# 2.3 Code Brief: Train and Visualize Decision Trees

Quick reference for training, visualizing, and extracting rules from decision trees.

## Setup

In [None]:
import pandas as pd
import numpy as np
import pickle
from sklearn.tree import plot_tree, export_text
import matplotlib.pyplot as plt

## Load Data and Models

In [None]:
root_filepath = '/content/drive/MyDrive/projects/Applied-Data-Analytics-For-Higher-Education-Course-2/'
data_filepath = f'{root_filepath}data/'
models_path = f'{root_filepath}course_3/models/'

df_training = pd.read_csv(f'{data_filepath}training.csv')
X_train = df_training
y_train = df_training['SEM_3_STATUS']

balanced_dt_model = pickle.load(open(f'{models_path}balanced_decision_tree_model.pkl', 'rb'))

## Train Model

In [None]:
balanced_dt_model.fit(X_train, y_train)
tree = balanced_dt_model.named_steps['classifier']

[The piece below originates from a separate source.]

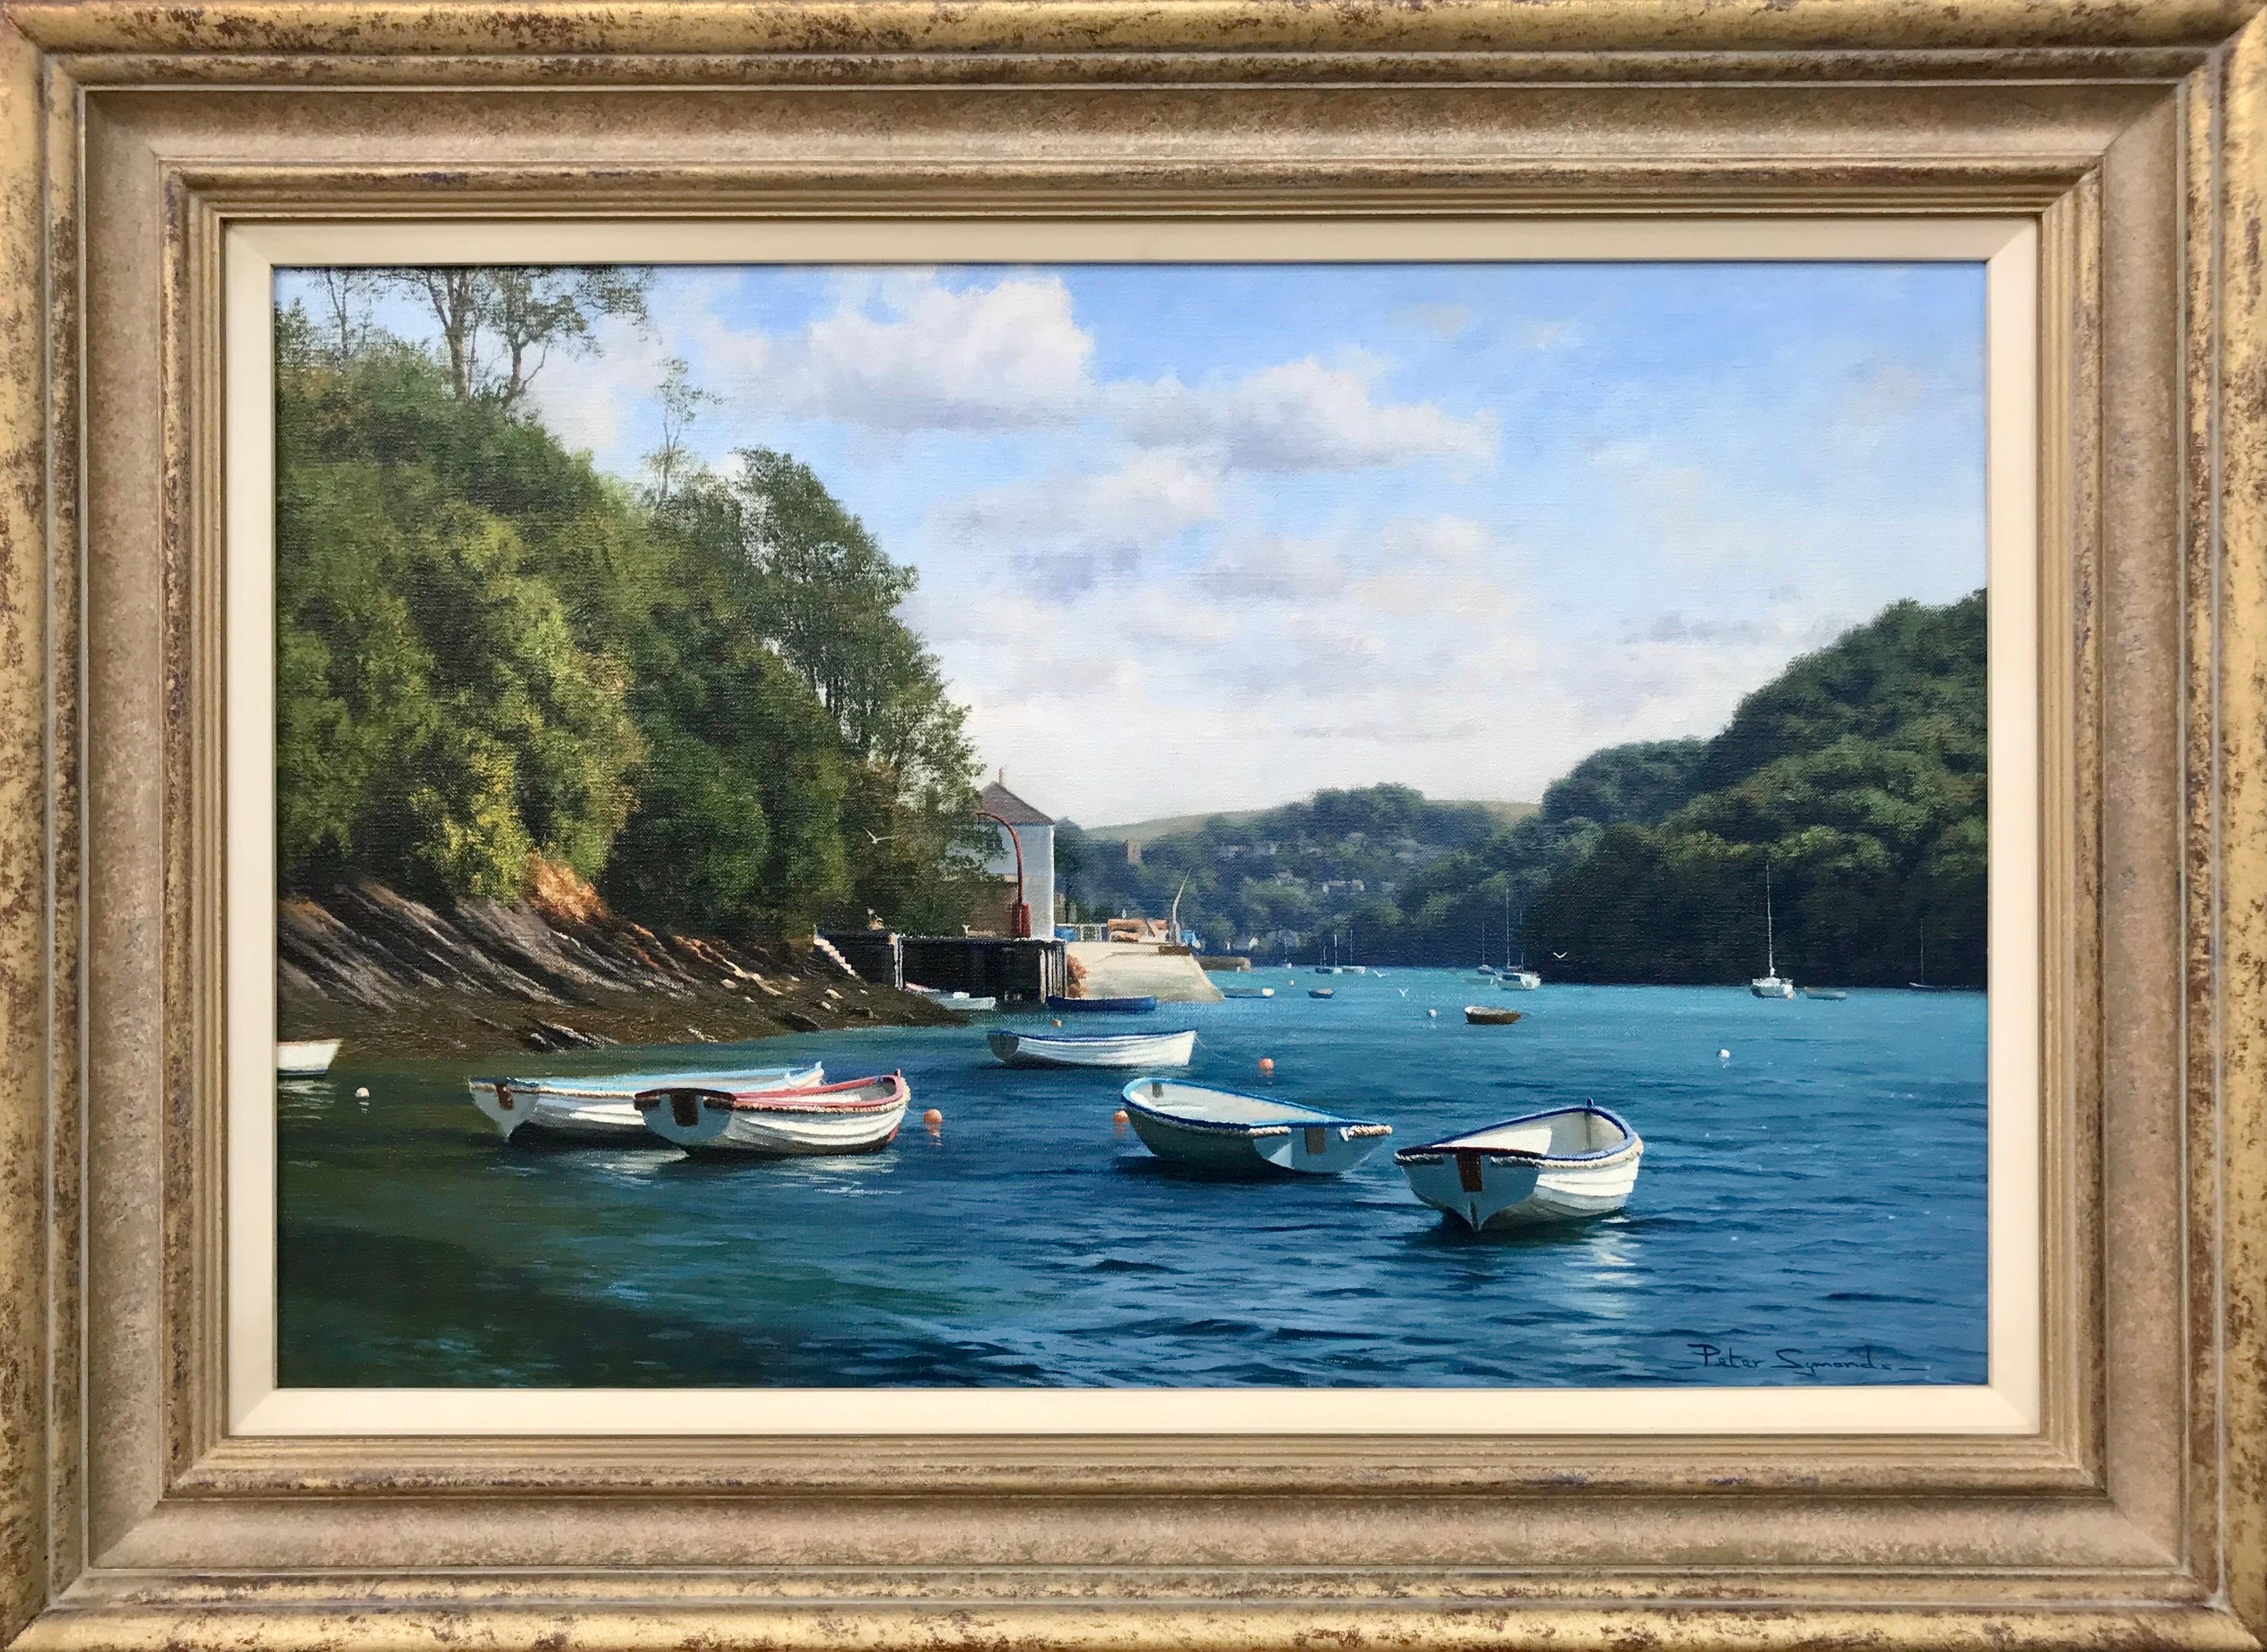 Peter Symonds Landscape Painting - Oil Painting of Boats on River Yealm Devon England by British Landscape Artist

print(f"Tree depth: {tree.get_depth()}")
print(f"Number of leaves: {tree.get_n_leaves()}")

## Get Feature Names

In [None]:
preprocessor = balanced_dt_model.named_steps['preprocessing']
numerical_columns = ['HS_GPA', 'GPA_1', 'GPA_2', 'DFW_RATE_1', 'DFW_RATE_2', 'UNITS_ATTEMPTED_1', 'UNITS_ATTEMPTED_2']

preprocessor.fit(X_train)
cat_encoder = preprocessor.named_transformers_['cat']
cat_feature_names = cat_encoder.get_feature_names_out(['GENDER', 'RACE_ETHNICITY', 'FIRST_GEN_STATUS']).tolist()
feature_names = numerical_columns + cat_feature_names

## Text Representation

In [None]:
tree_rules = export_text(tree, feature_names=feature_names, max_depth=4)
print(tree_rules)

## Graphical Visualization

In [None]:
plt.figure(figsize=(20, 12))
plot_tree(tree, feature_names=feature_names, class_names=['Enrolled', 'Not Enrolled'],
          filled=True, rounded=True, fontsize=8, max_depth=3)
plt.title('Decision Tree (First 3 Levels)', fontsize=14)
plt.tight_layout()
plt.show()

## Feature Importance

In [None]:
importances = tree.feature_importances_
importance_df = pd.DataFrame({
    'Feature': feature_names,
    'Importance': importances
}).sort_values('Importance', ascending=False)

print("Feature Importances:")
display(importance_df[importance_df['Importance'] > 0])

## Save Trained Model

In [None]:
pickle.dump(balanced_dt_model, open(f'{models_path}balanced_decision_tree_trained.pkl', 'wb'))
print("Saved trained model.")